A Question About Having Babies

A reader writes:

I was wondering if you could help me with a question posed by a friend of mine.  He believes in a sort of utilitarian worldview--now he doesn't practice this, because he finds it rather impractical, but I think it's unhealthy and would like to be able to argue coherently why.  For one thing, he believes that if a person has a genetic condition such as down syndrome or clinical depression, he should not have children so as not to risk inflicting the misery caused by this disease on another human being.  This worldview feels very wrong to me, but I can't quite pin down why, except that life is a blessing and that this view of things seems rather akin to Nazi philosophy.  He doesn't believe that the government should prevent people with genetic conditions that make them miserable from procreating, but as he himself  has one of these conditions, he believes that it is his moral duty to avoid risking inflicting suffering on any offspring, by not having children at all.  He is an agnostic, but a very intellectual and thinking one; he believes that it is nearly certain that God exists.  How should I approach this topic when he brings this up in conversation?  

I like the paradox of the utilitarian worldview being impractical for your friend.  It's a good sign.  It means he favors common sense over ideology, which is very healthy.  Your friend is right, the problem with utilitarianism is that it's not useful.  It takes a second thing (usefulness) and puts it first.  The real trick is to ask what is to used and what is not to be used.  People, for instance, are entirely exempt from utilitarian calculations because people are not to be used but loved.  People are not means to ends.  They are, says the faith, the only thing God wills for their own sake.  Things are to be used and persons are to be loved.  Start loving things and using persons and you have fallen into the root of all sin.

That bears on the question of child-bearing because it bears on the question of what is more important: the person of the child or the thing called suffering.  If you elevate the purpose of life to "avoid suffering" then you needn't confine your fears to some chromosomal aberration. The fact is, the most beautiful, healthy, intelligent perfect child is no more going to be able to avoid suffering than a baby with clinical depression or Down's.  To make avoidance of suffering the criterion for child-bearing is to effectively decree the extinction of humanity.

What is needed here is not really a syllogism, it seems to me, but an exhortation to courage. Your friend's child will most certainly suffer--if not with clinical depression then with something else.  But to be denied a shot at existence on the basis of that?  Heck!  I've suffered terribly at times.  So have you.  So has your friend.  And that includes not merely temporary pains but lifelong struggles, failures, debilitating psychological blows and a line drive to the groin when I was in sixth grade that I will never forget.

I would not, for all that, trade these pains for non-existence.  Nor would you.  Nor would your friend.  What he needs to do is to have the same courage for his child as he has for himself. That's what I would say in your shoes.  Your mileage may vary since you know him better.
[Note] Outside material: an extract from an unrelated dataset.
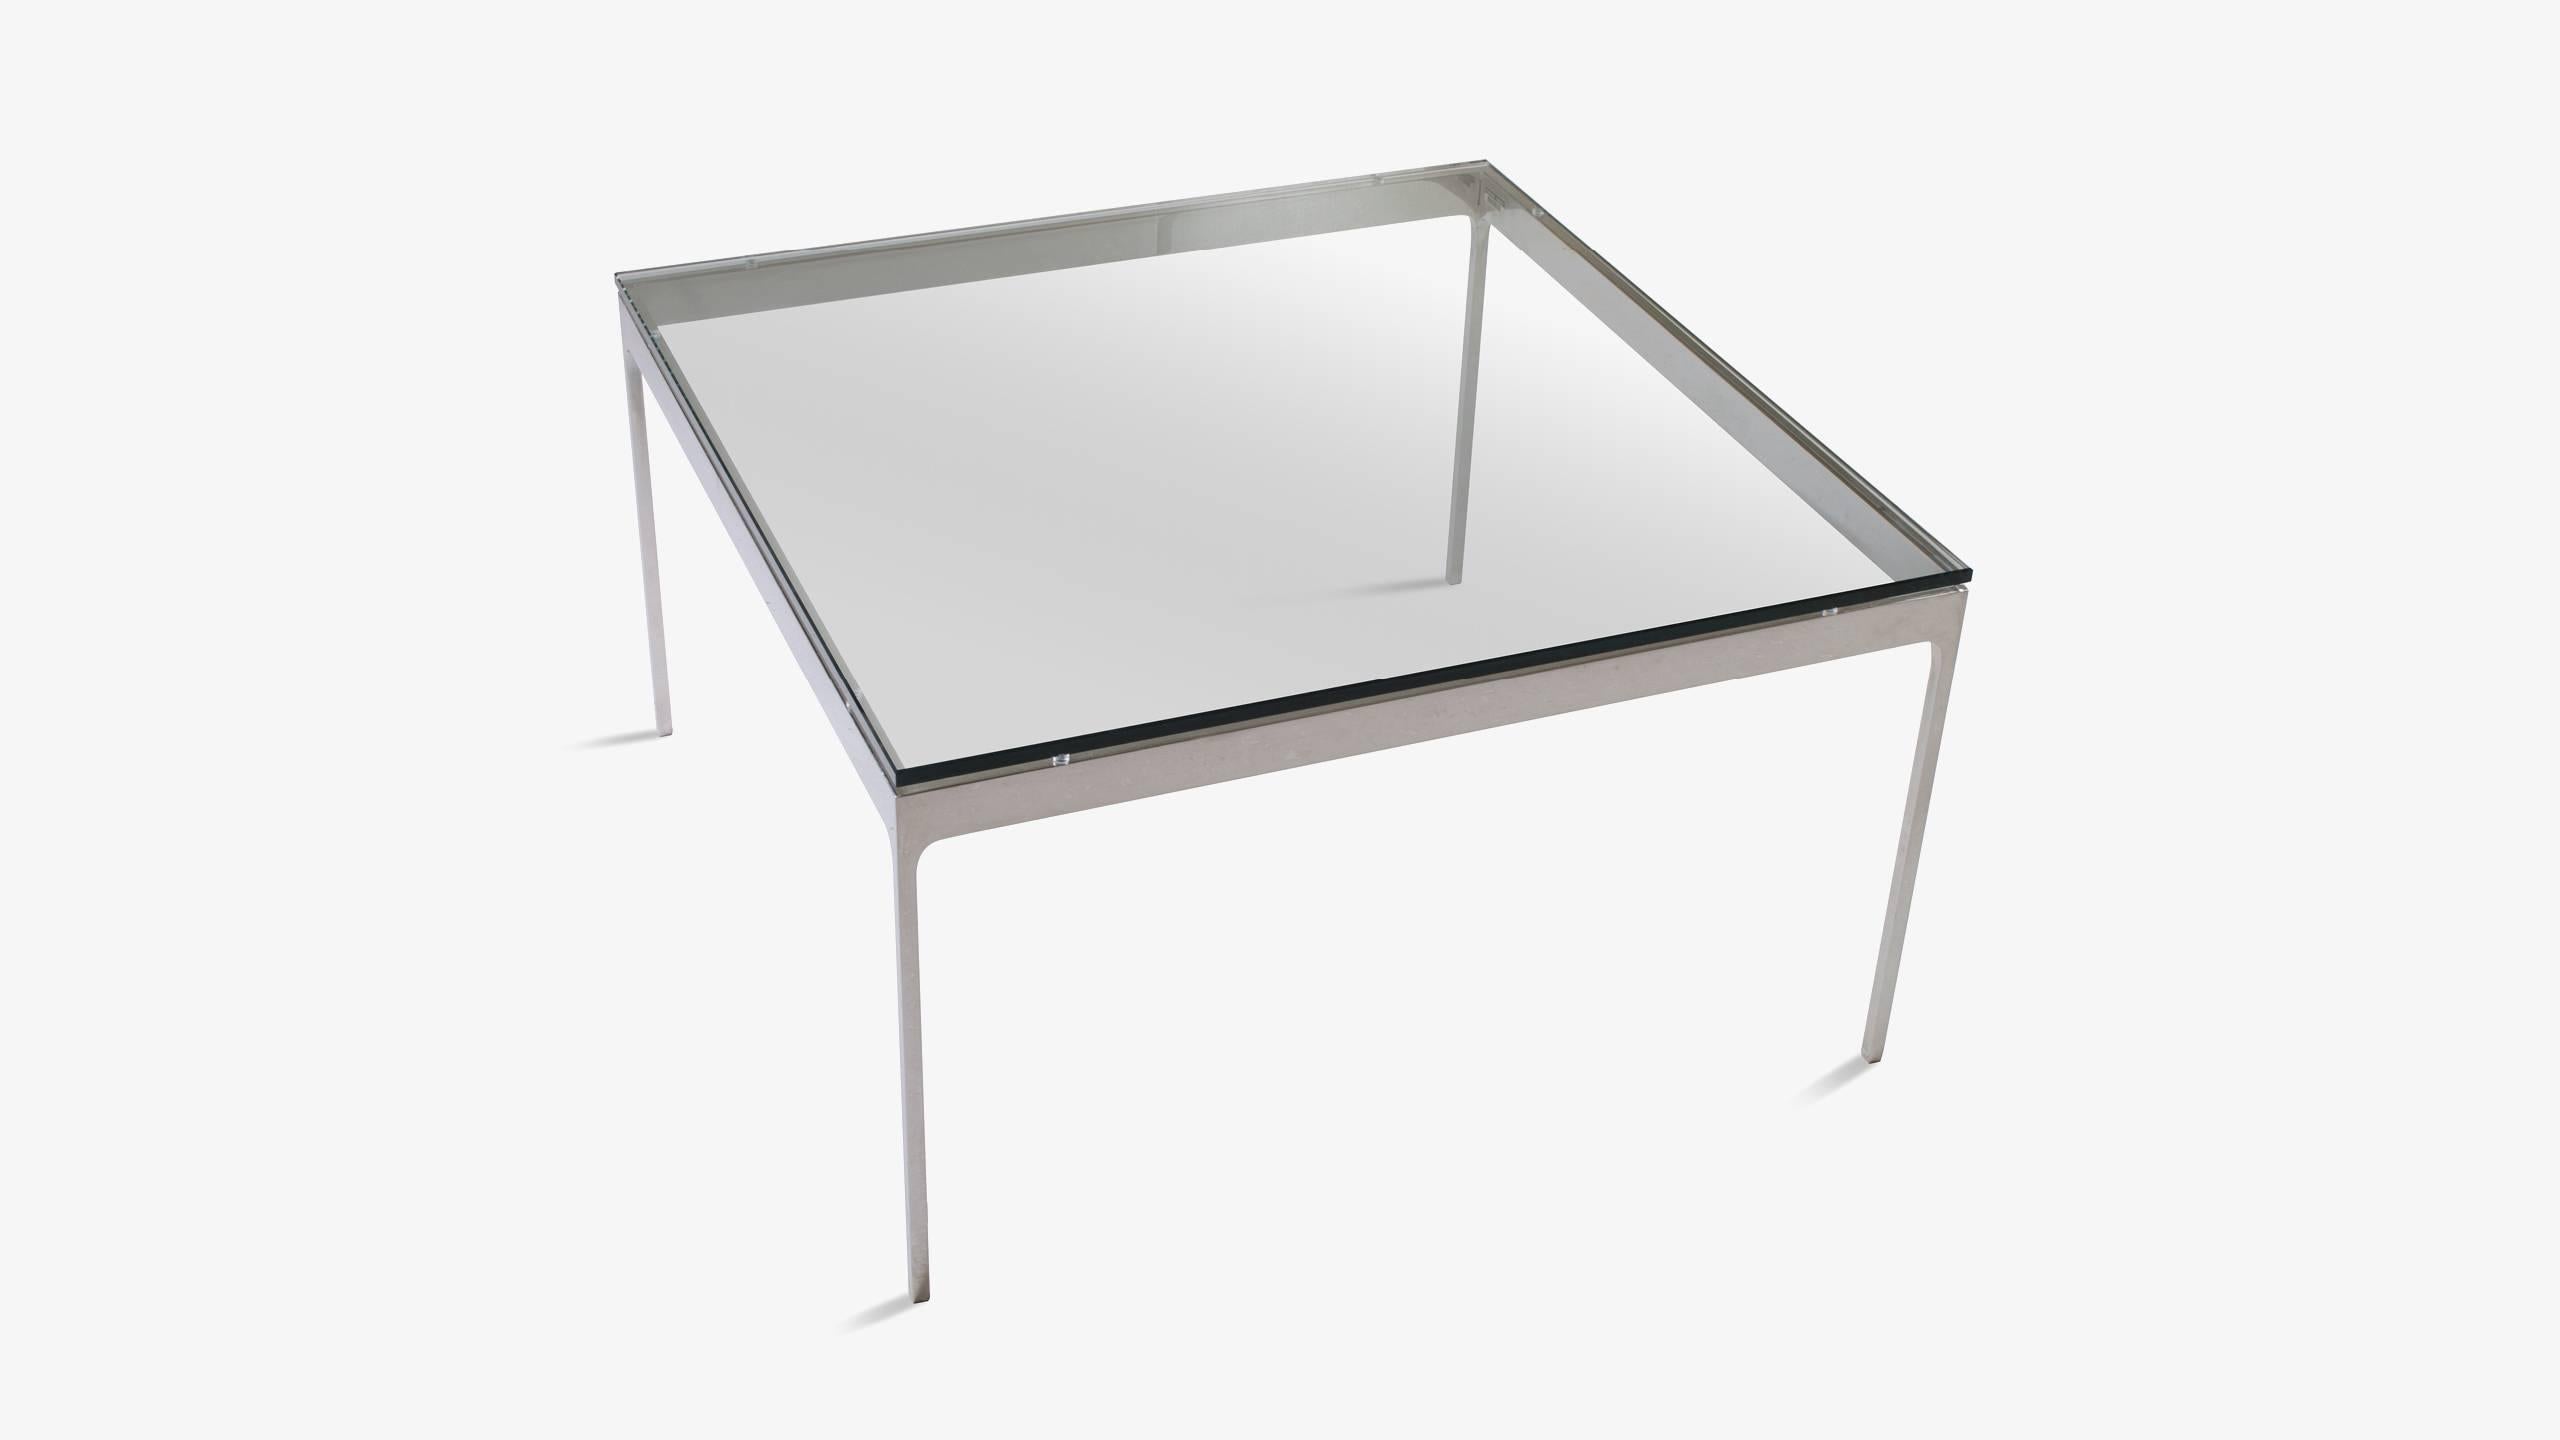 American Minimalist Stainless Steel Cocktail Table by Nicos Zographos
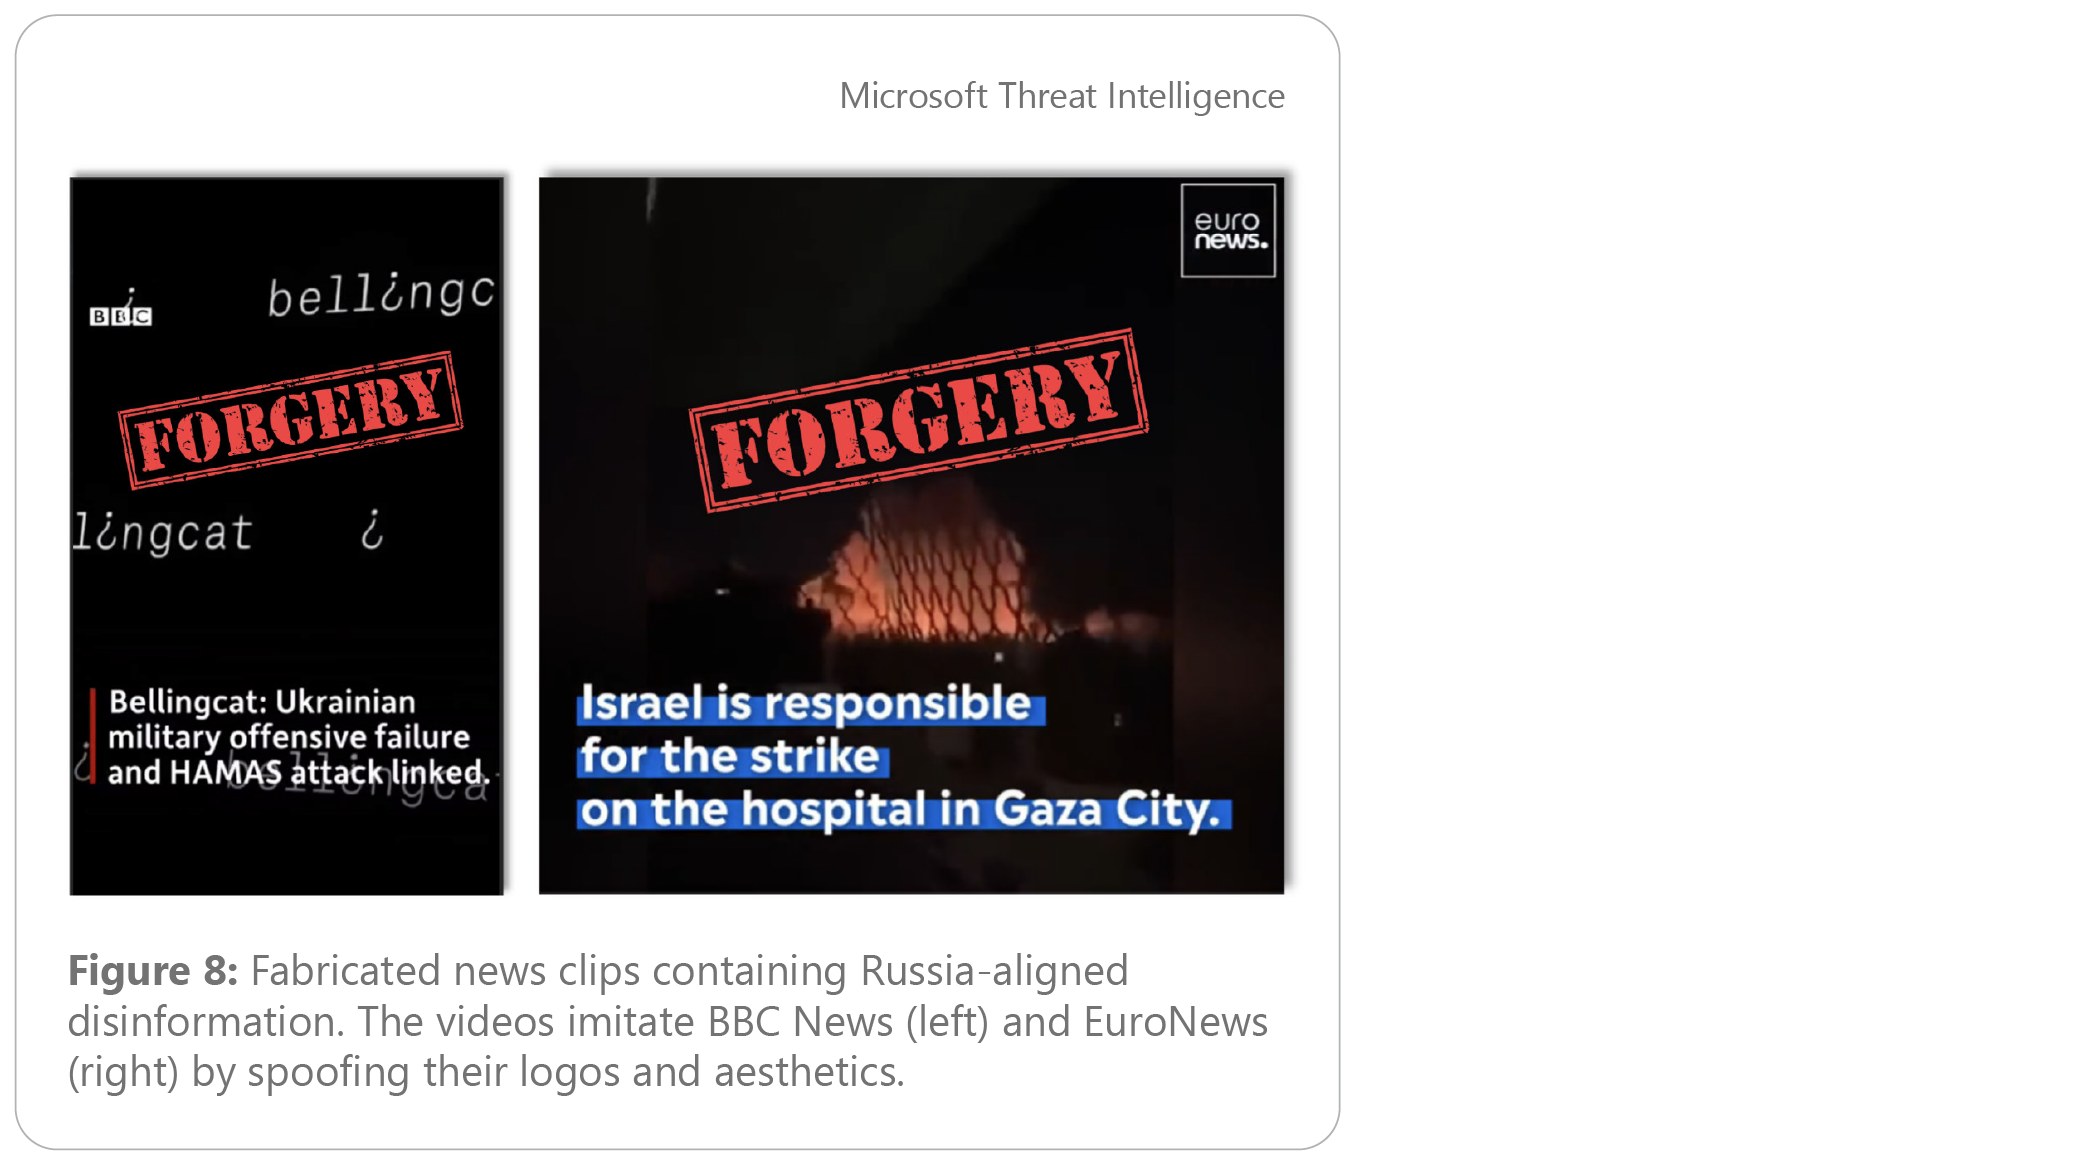 Two still images from fabricated news clips containing Russia-aligned disinformation

Two seemingly irrelevant suggested readings: Manalive and St. Francis of Assisi, both by G.K. Chesterton.  What is needed here is a stronger sense of life as a gift to be received with gusto and gratitude instead of a minefield to be avoided as a source of pain.  When that sense of gratitude is healed, I suspect the timidity and fear will go too.  He needs courage and encouragement more than anything, it sounds to me.  He doesn't sound like a bad bloke.  Just somebody who needs to really know the good news that Hope is real in Christ Jesus.